Iterator it = list.iterator();
while (it.hasNext()) {
point = (Integer[])it.next();
for (int i = 0; i < 3; i++) {
System.out.print(point[i] + ",");
}
System.out.println();
}
}
}
First of all, several of the other answers are misleading and/or incorrect. Note that an array is an object. So you can use them as elements in a list, no matter whether the arrays themselves contain primitive types or object references.
Next, declaring a variable as List<int[]> list is preferred over declaring it as ArrayList<int[]>. This allows you to easily change the List to a LinkedList or some other implementation without breaking the rest of your code because it is guaranteed to use only methods available in the List interface. For more information, you should research "programming to the interface."
Now to answer your real question, which was only added as a comment. Let's look at a few lines of your code:
Integer[] point = new Integer[3];
This line creates an array of Integers, obviously.
for (int i = 0; i < 10; i++) {
for (int j = 0; j < 3; j++) {
point[j] = (int)(Math.random() * 10);
}
//Doesn't this line add filled Integer[] point to the
//end of ArrayList list?
list.add(point);
//...
}
Here you assign values to the elements of the array and then add a reference to the array to your List. Each time the loop iterates, you assign new values to the same array and add another reference to the same array to the List. This means that the List has 10 references to the same array which has been repeatedly written over.
Iterator it = list.iterator();
while (it.hasNext()) {
point = (Integer[])it.next();
for (int i = 0; i < 3; i++) {
System.out.print(point[i] + ",");
}
System.out.println();
}
}
Now this loop prints out the same array 10 times. The values in the array are the last ones set at the end of the previous loop.
To fix the problem, you simply need to be sure to create 10 different arrays.
One last issue: If you declare it as Iterator<Integer[]> it (or Iterator<int[]> it), you do not need to cast the return value of it.next(). In fact this is preferred because it is type-safe.

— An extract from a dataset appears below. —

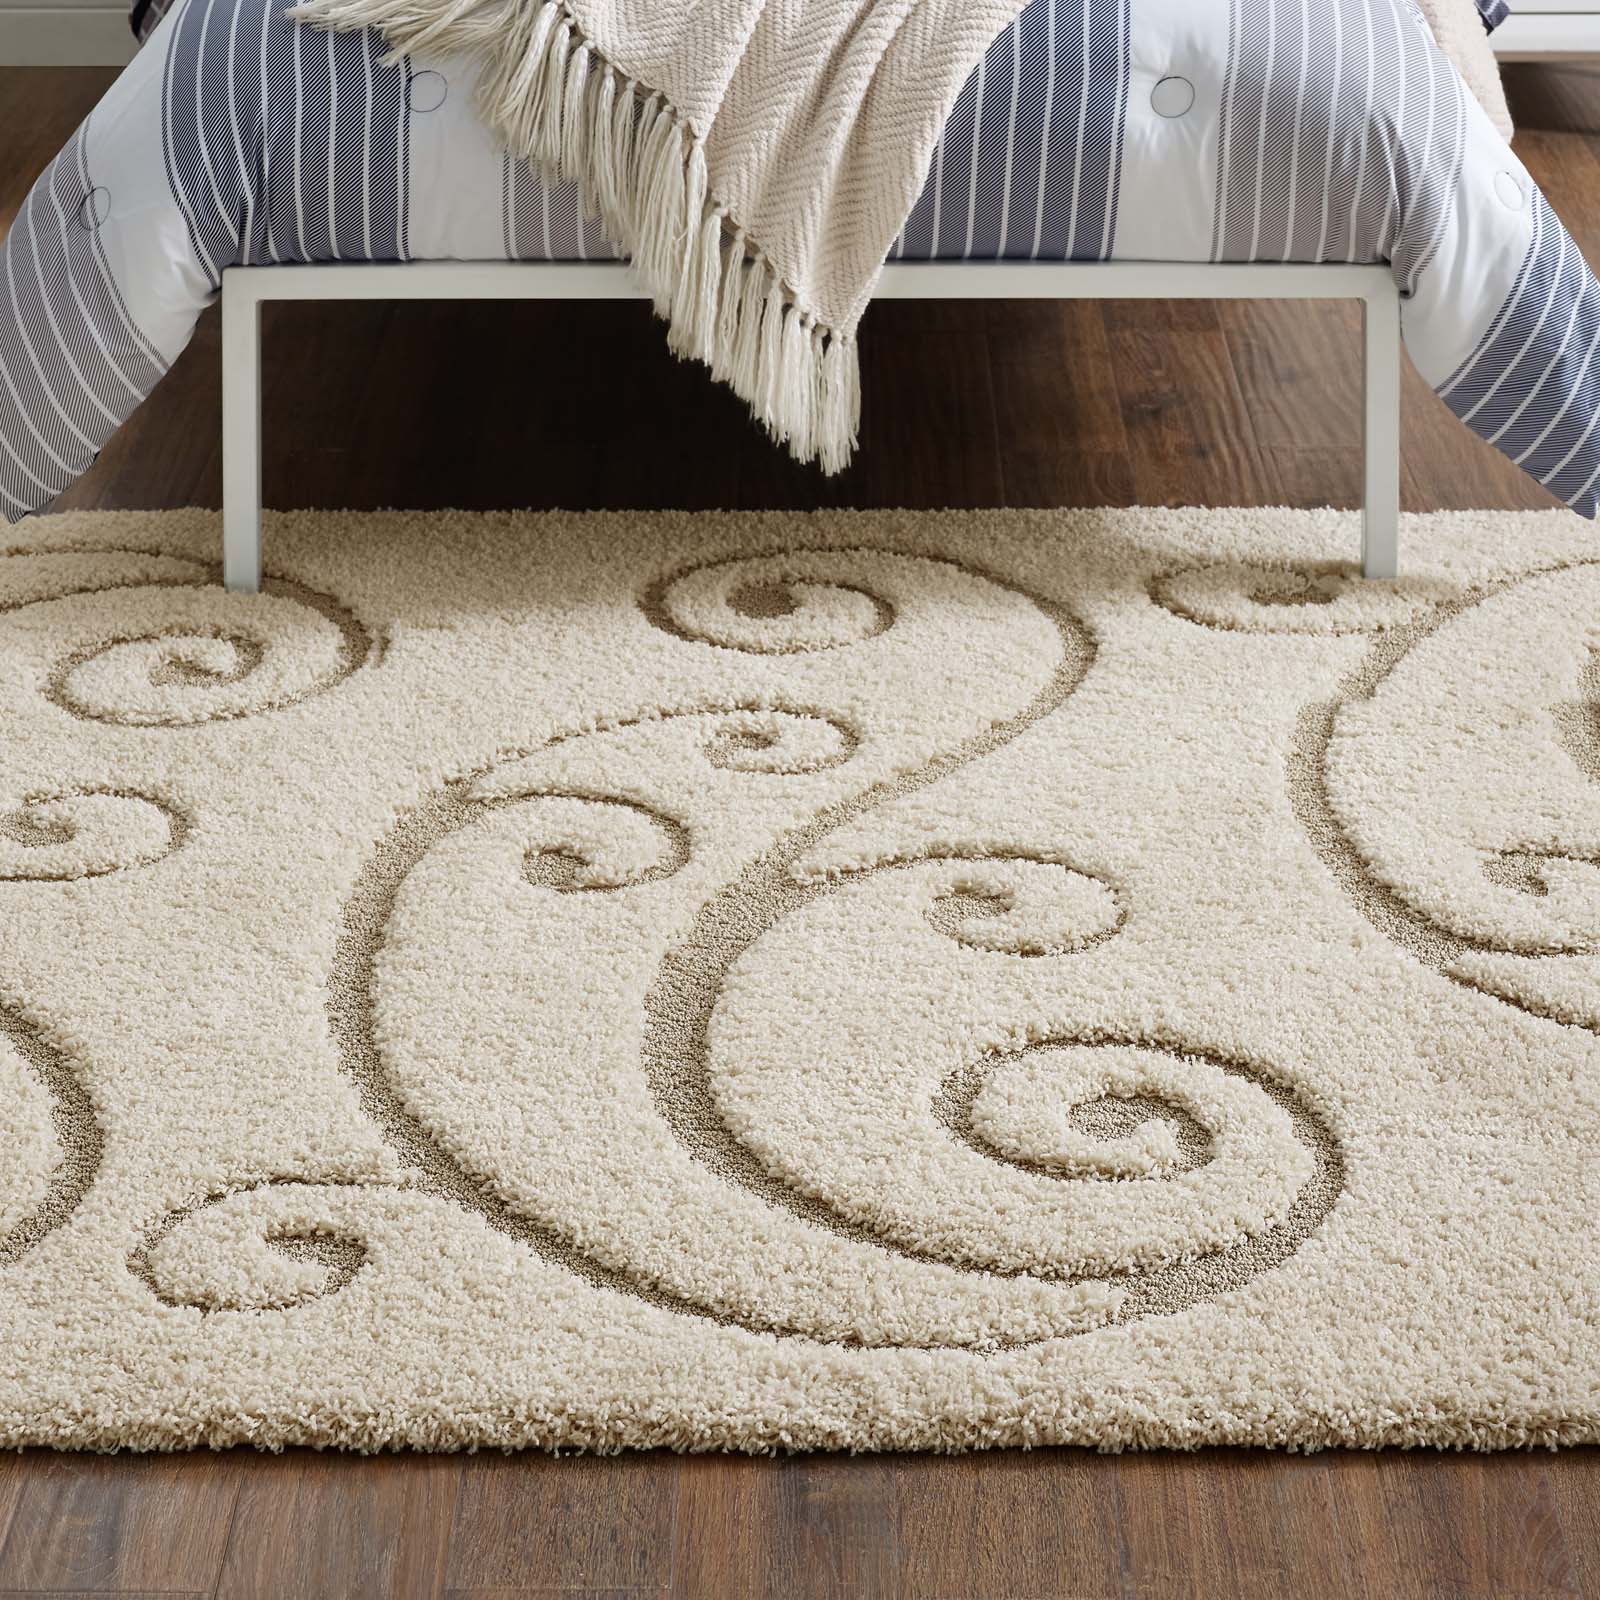 Jubilant Sprout Scrolling Vine 5x8 Shag Area Rug

Finally, I want to ask what the ints in each array represent? You might want to revisit your program design and create a class that holds these three ints, either as an array or as three member variables.
I would highly recommend to enclose the integer array of 3 numbers into a meaningful class, that would hold, display and control an array of 3 integers.

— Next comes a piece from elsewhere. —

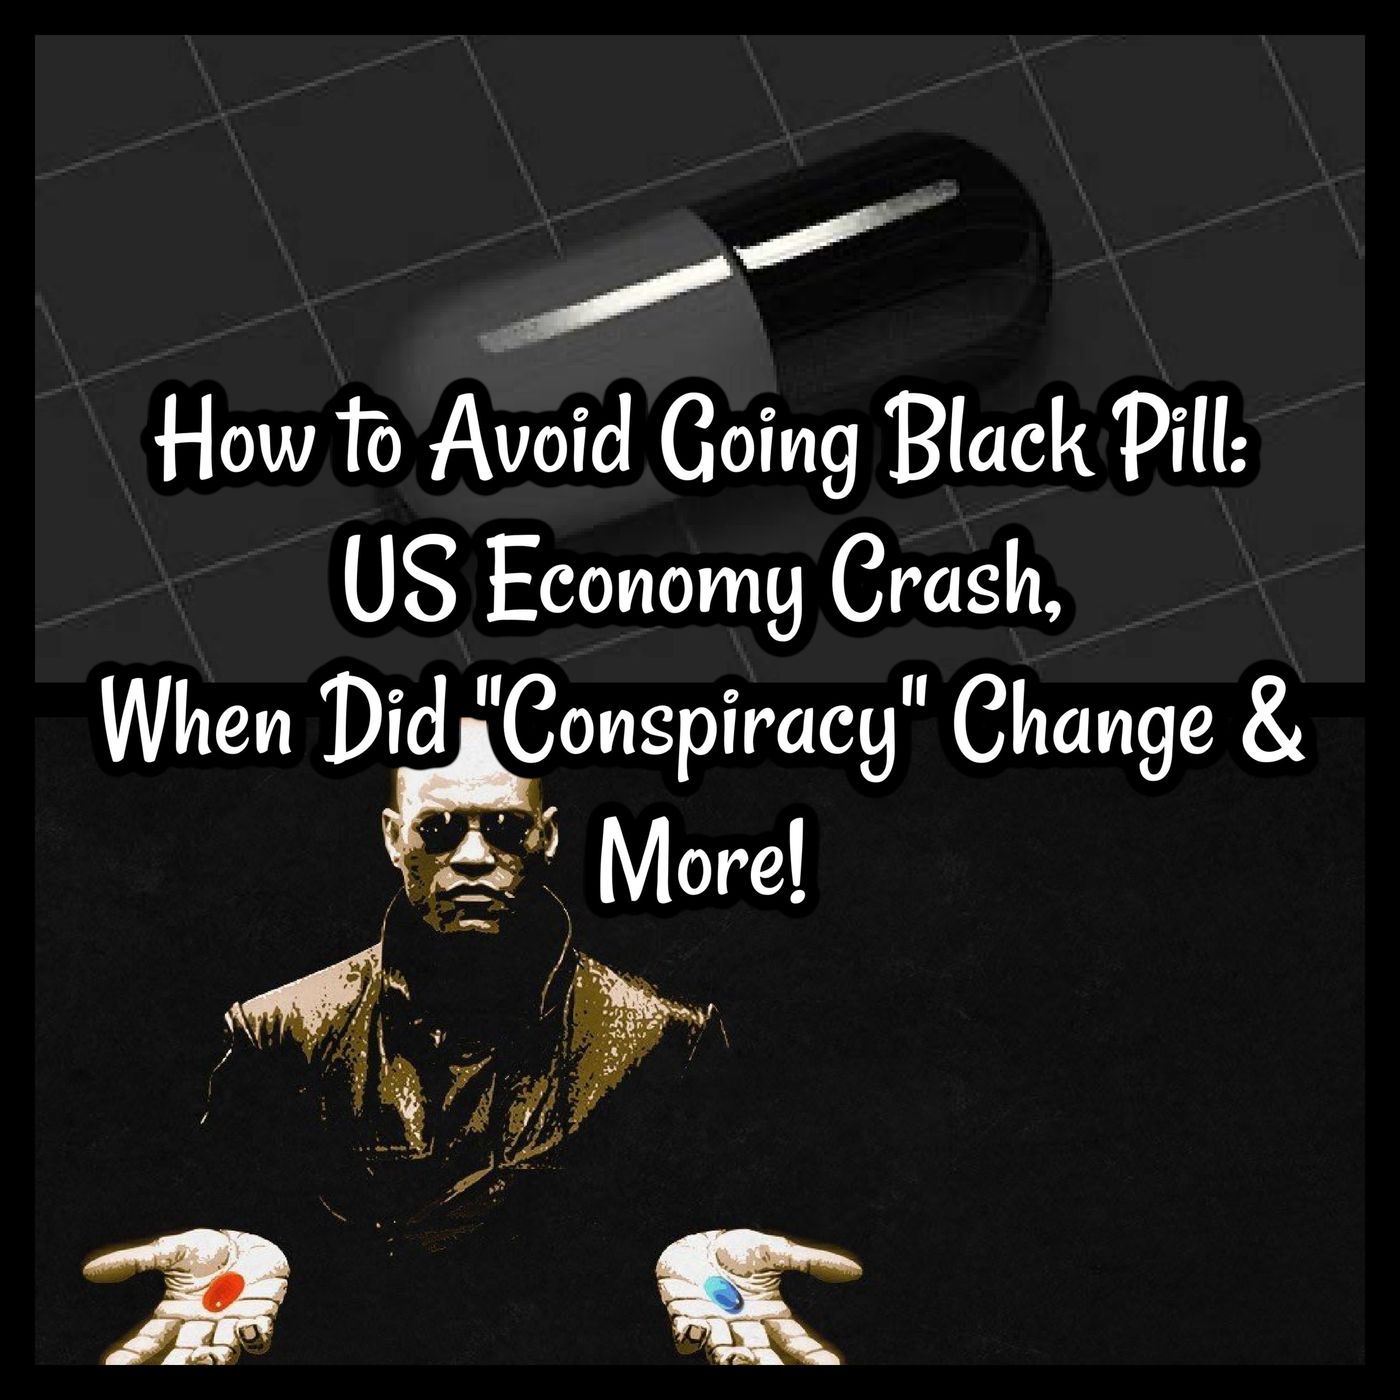 How to Avoid Going Black Pill: US Economy Crash, When Did ”Conspiracy” Change & More!

Then in your main, you can have an growing ArrayList of objects of that class.
You have an extra ) here:
element = (int[])it.next()); //with the extra parenthesis the code will not compile
should be:
element = (int[])it.next();
Besides the problem in the other answer, you cal it.next() two times, that cause the iterator move forward two times, obviously that's not what you want. The code like this:
element = (int[])it.next());
String el = (String)element;
But actually, I don't see you used el. Although it's legal, it seems meaningless.